▶ About this exercise: Give back the listing in full and exactly, leaving out the images.

▶ Information shown:
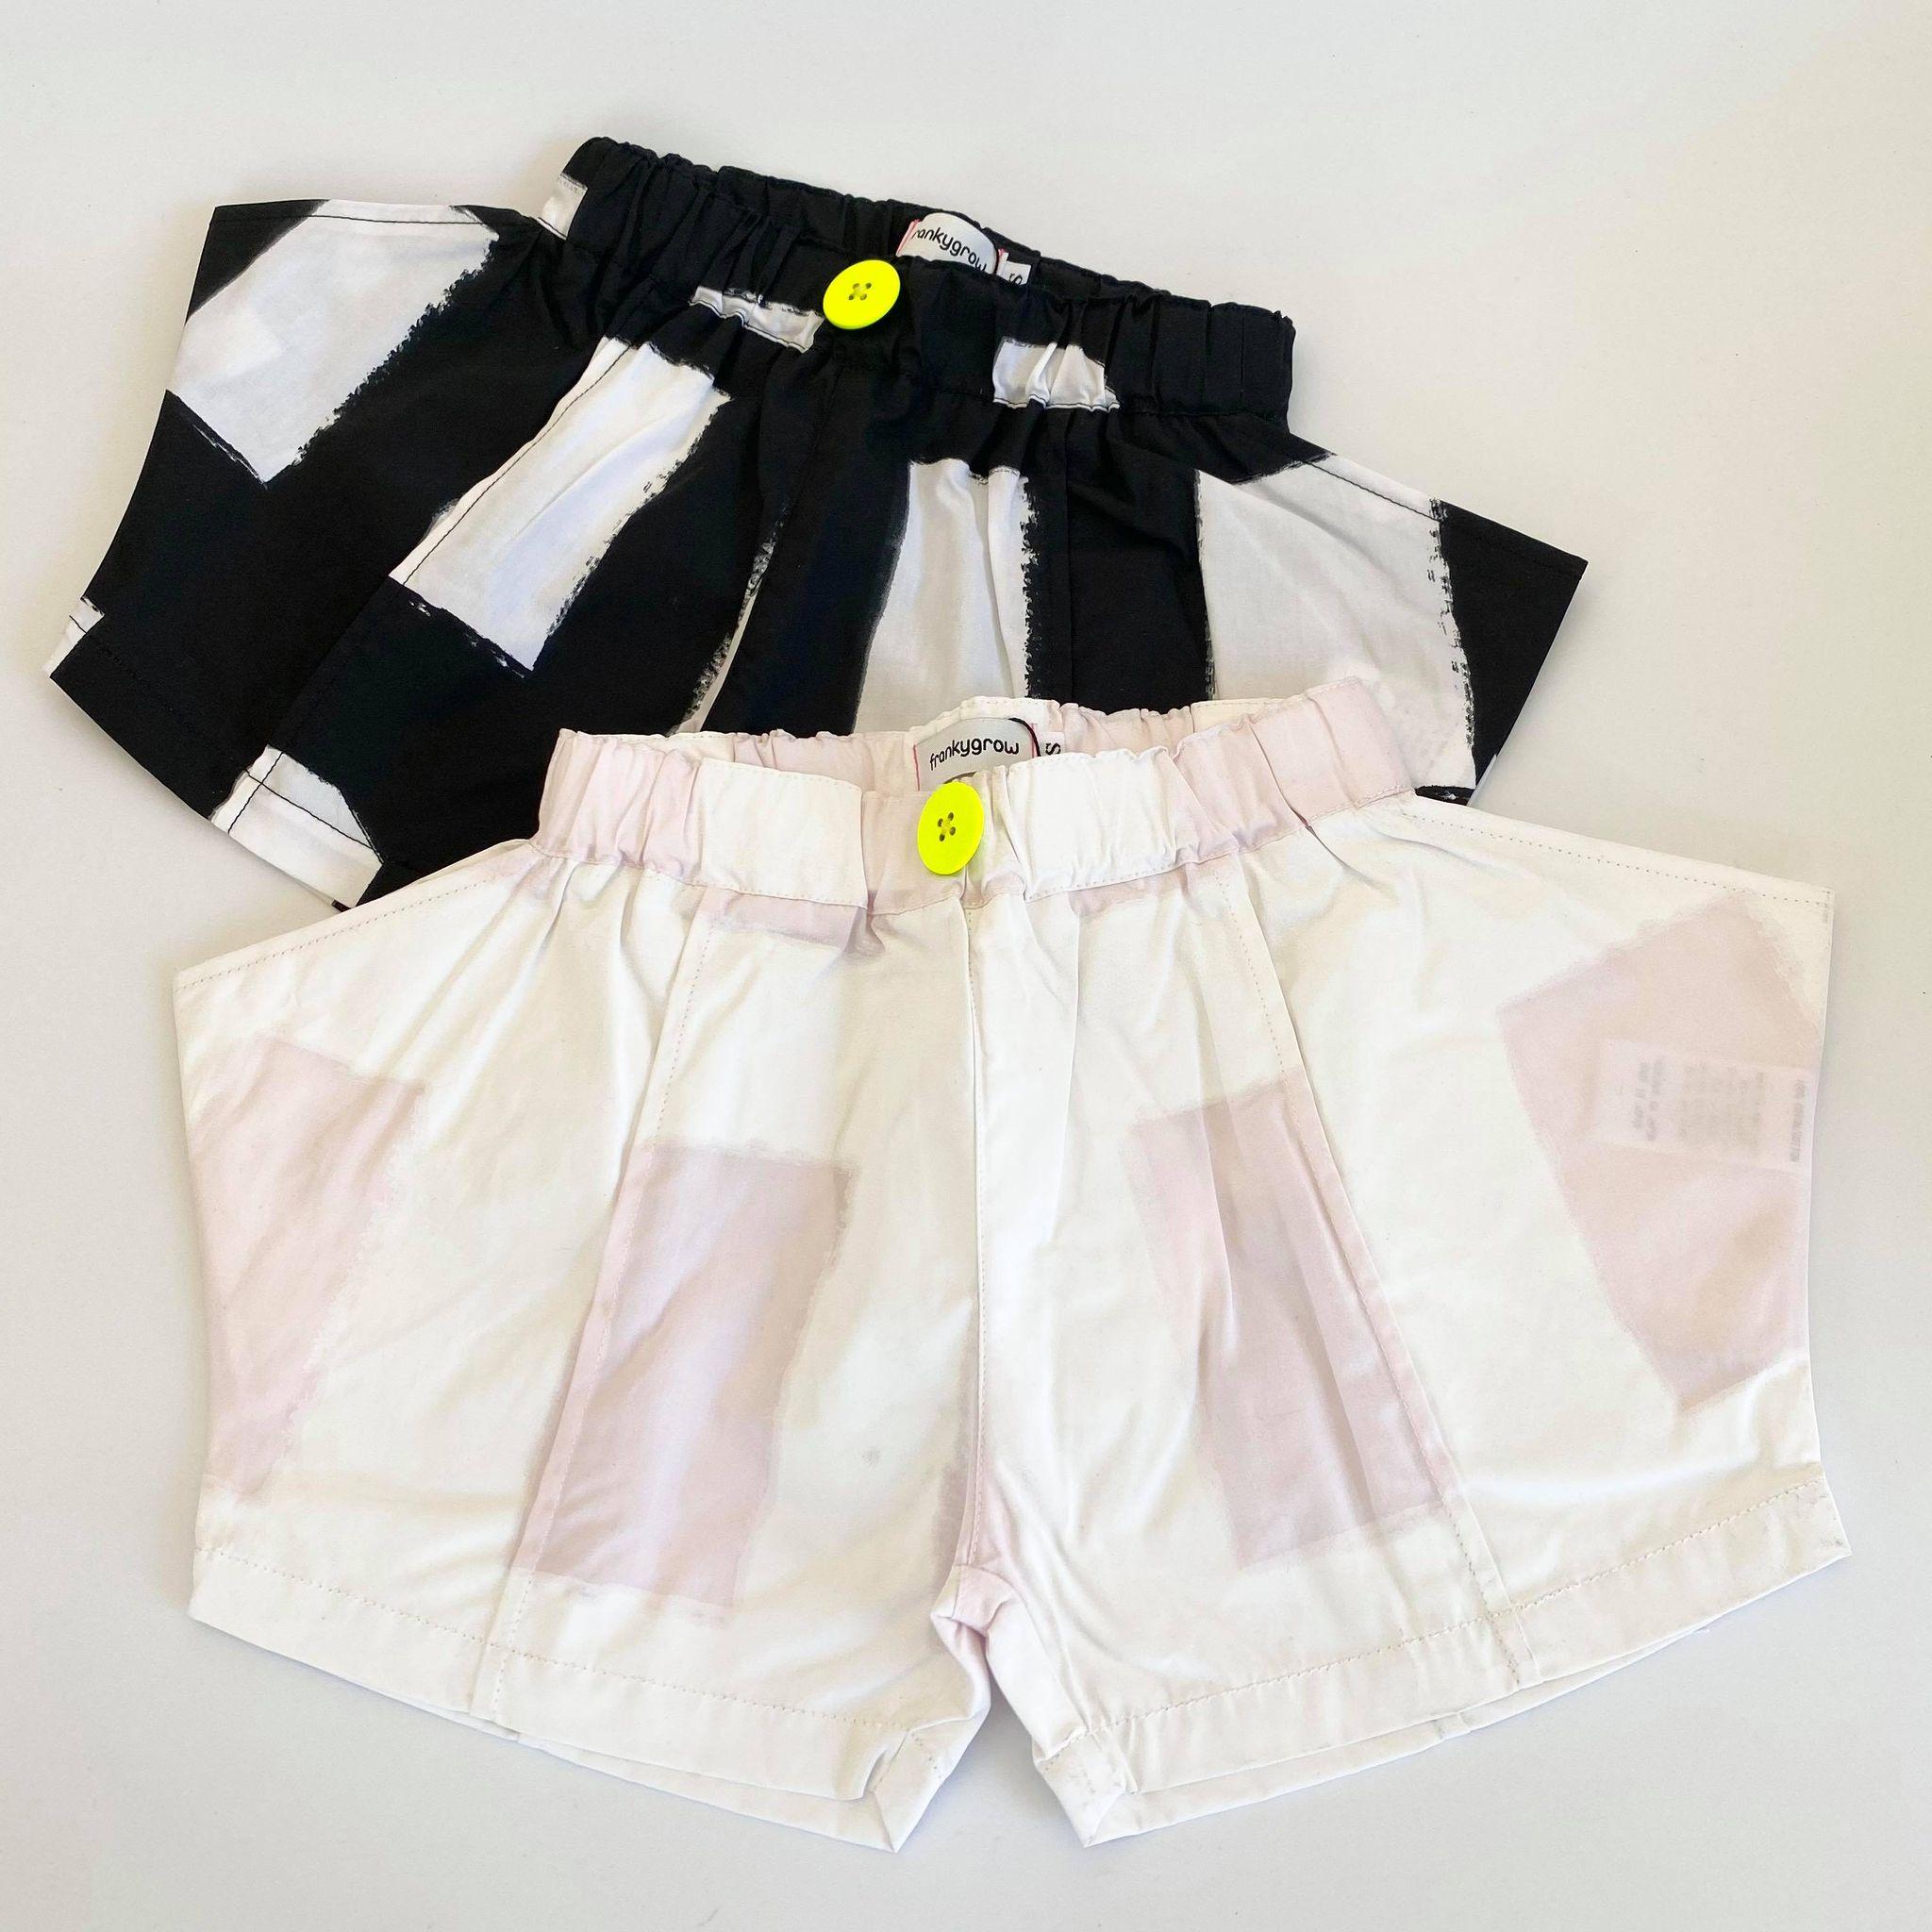 【frankygrow】21SBT-236 ORIG. CHECK RHOMBOS SHORT PANTS
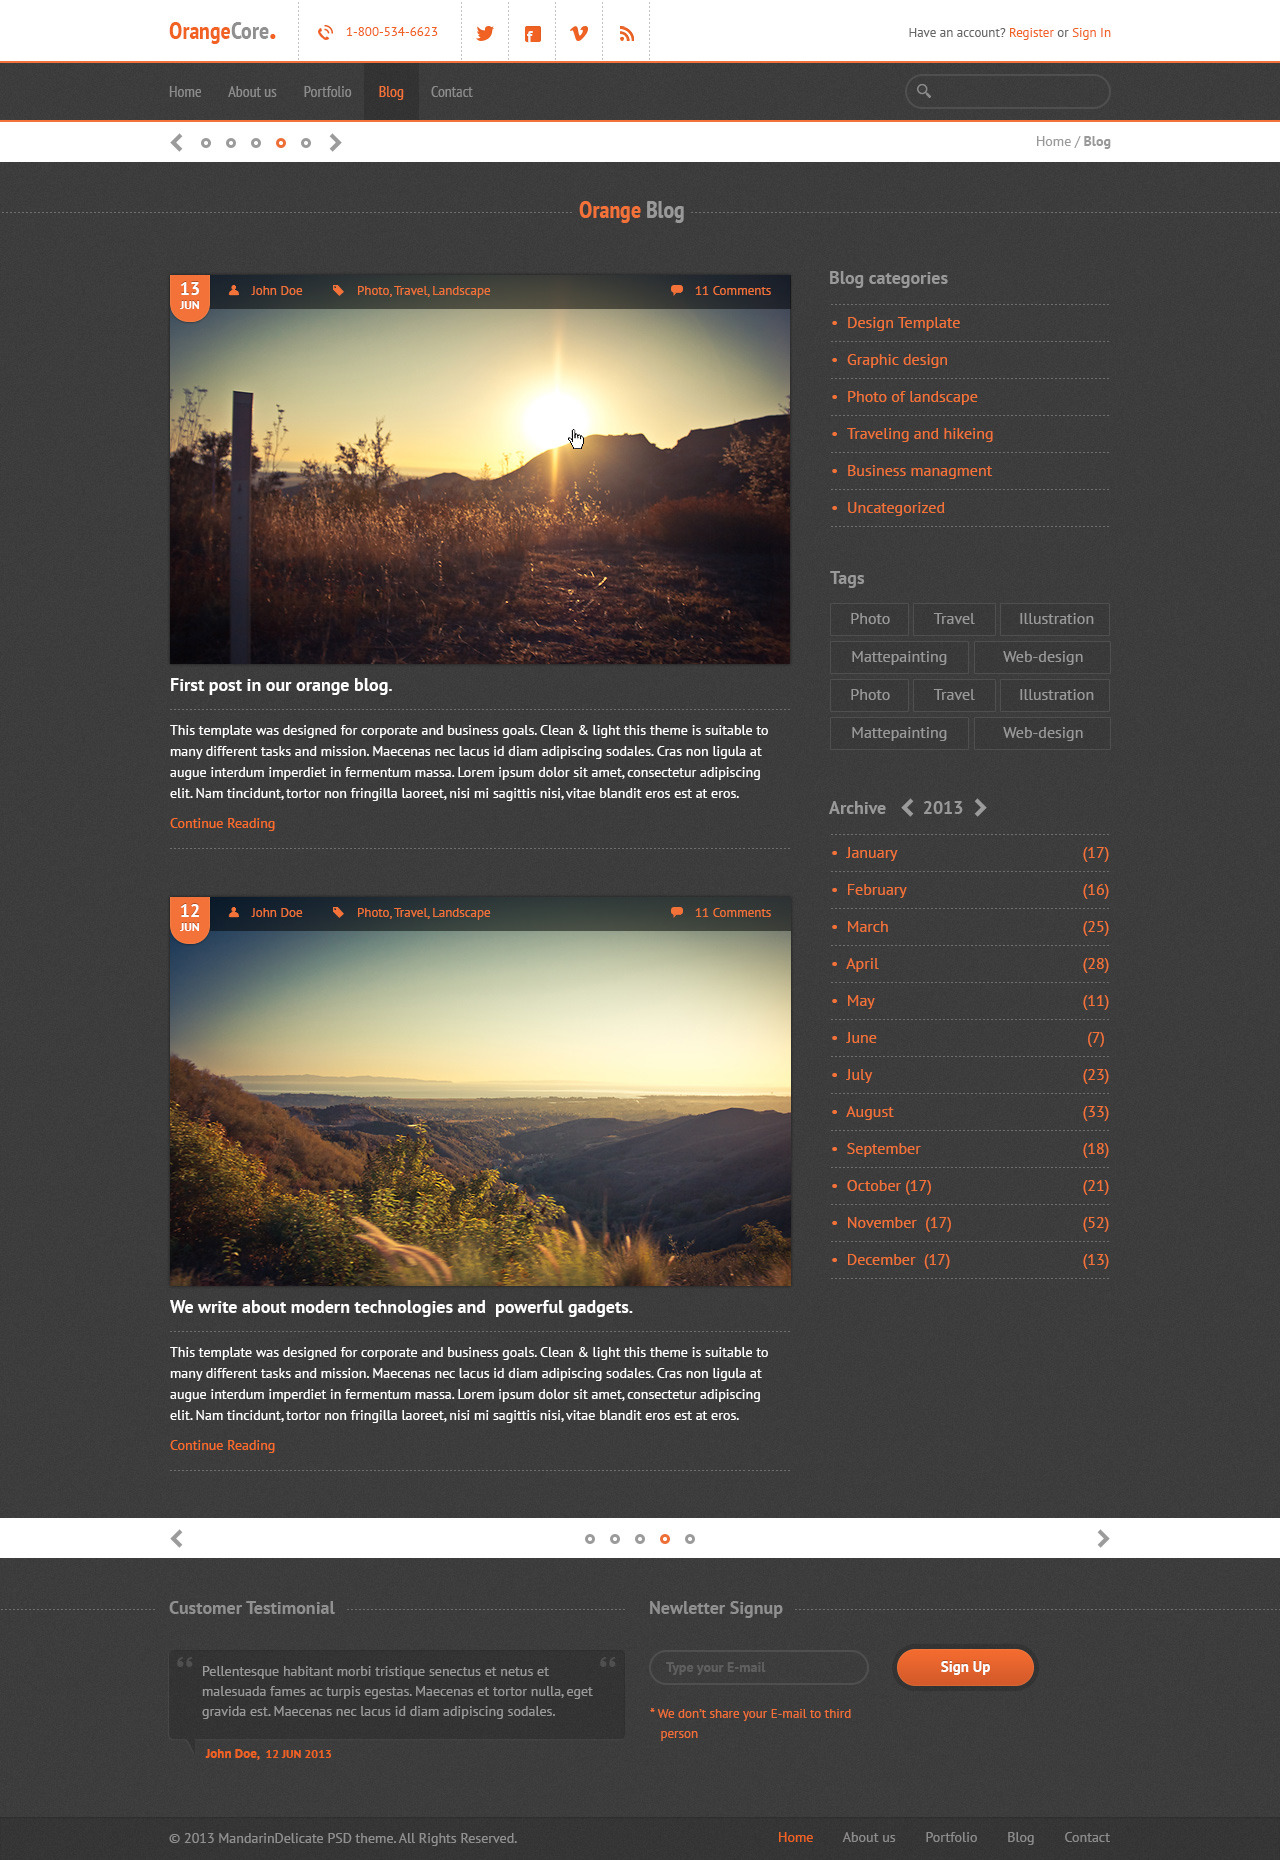 OrangeCore - PSD Template for Business Sites
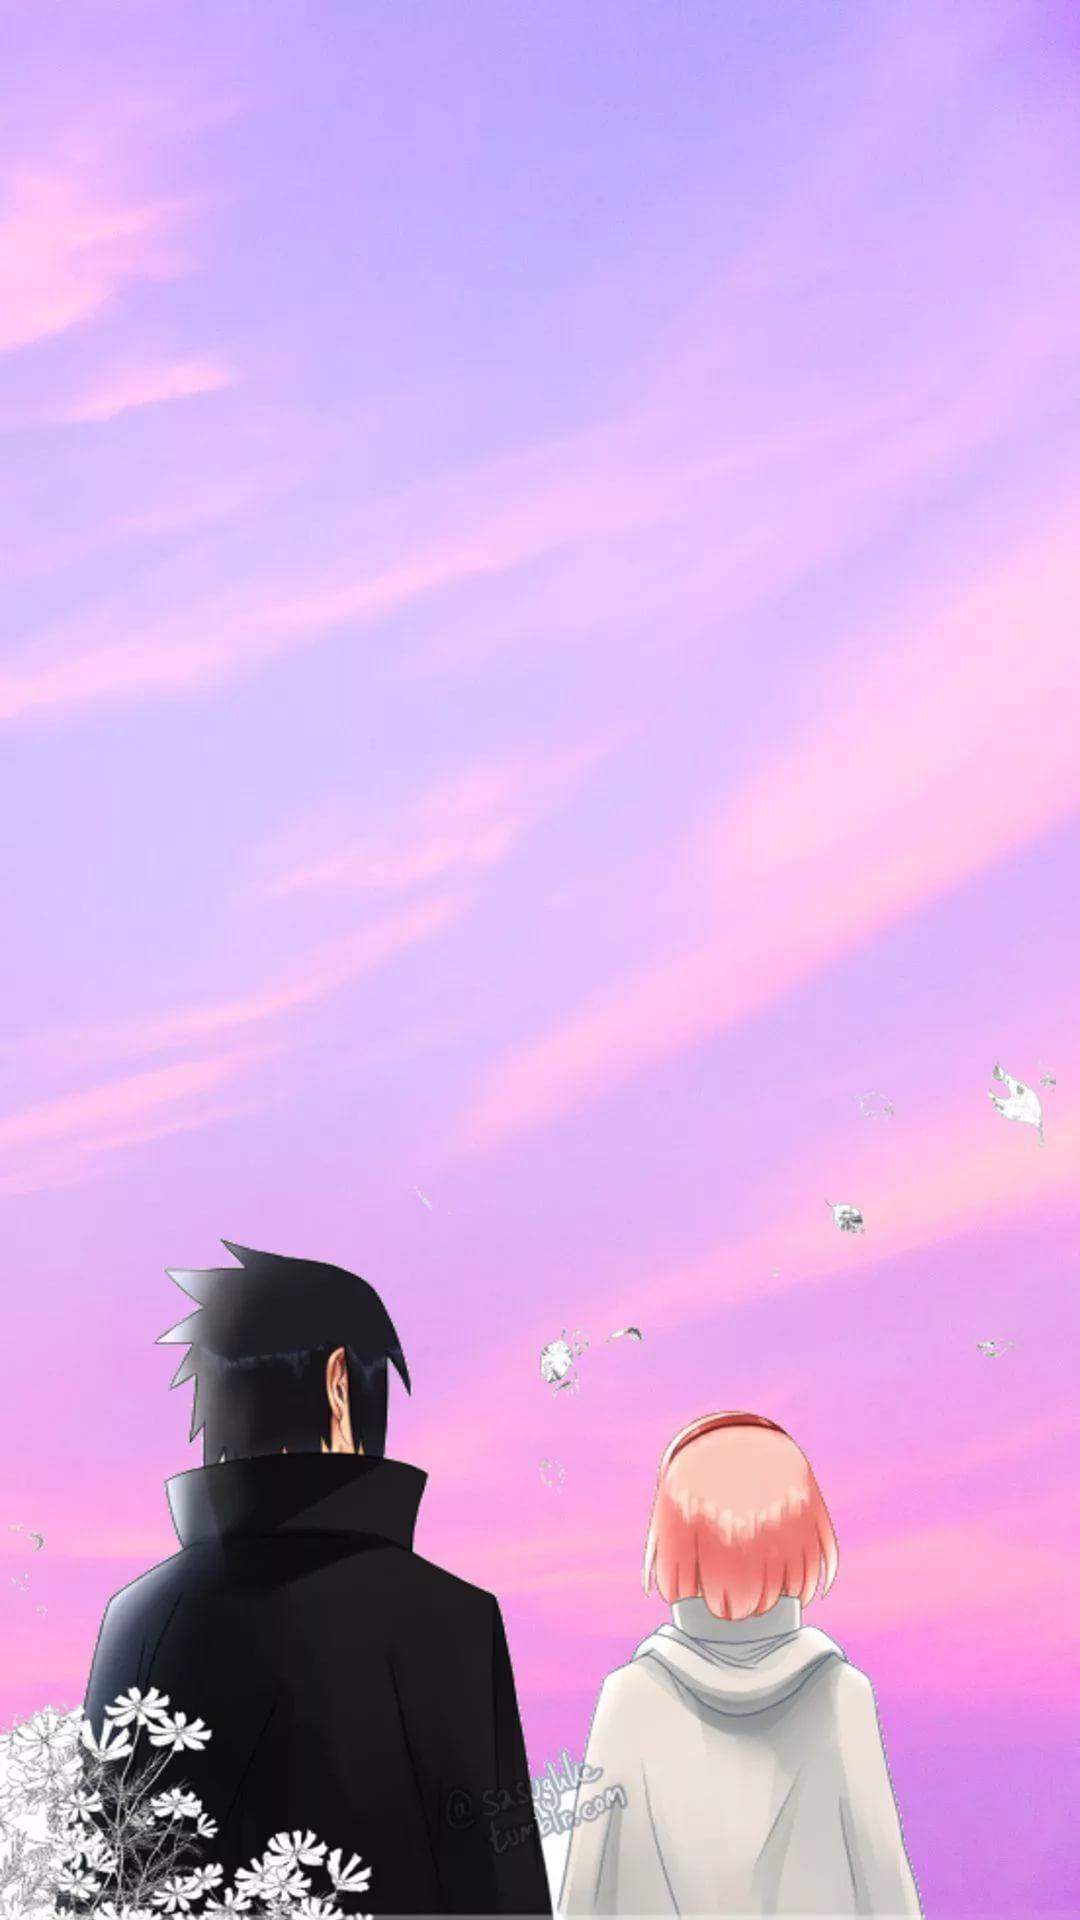 Sasuke Samsung Galaxy s8 wallpaper

▶ Response to this exercise:
 【frankygrow】21SBT-236 ORIG. CHECK RHOMBOS SHORT PANTS
 OrangeCore - PSD Template for Business Sites
 Sasuke Samsung Galaxy s8 wallpaper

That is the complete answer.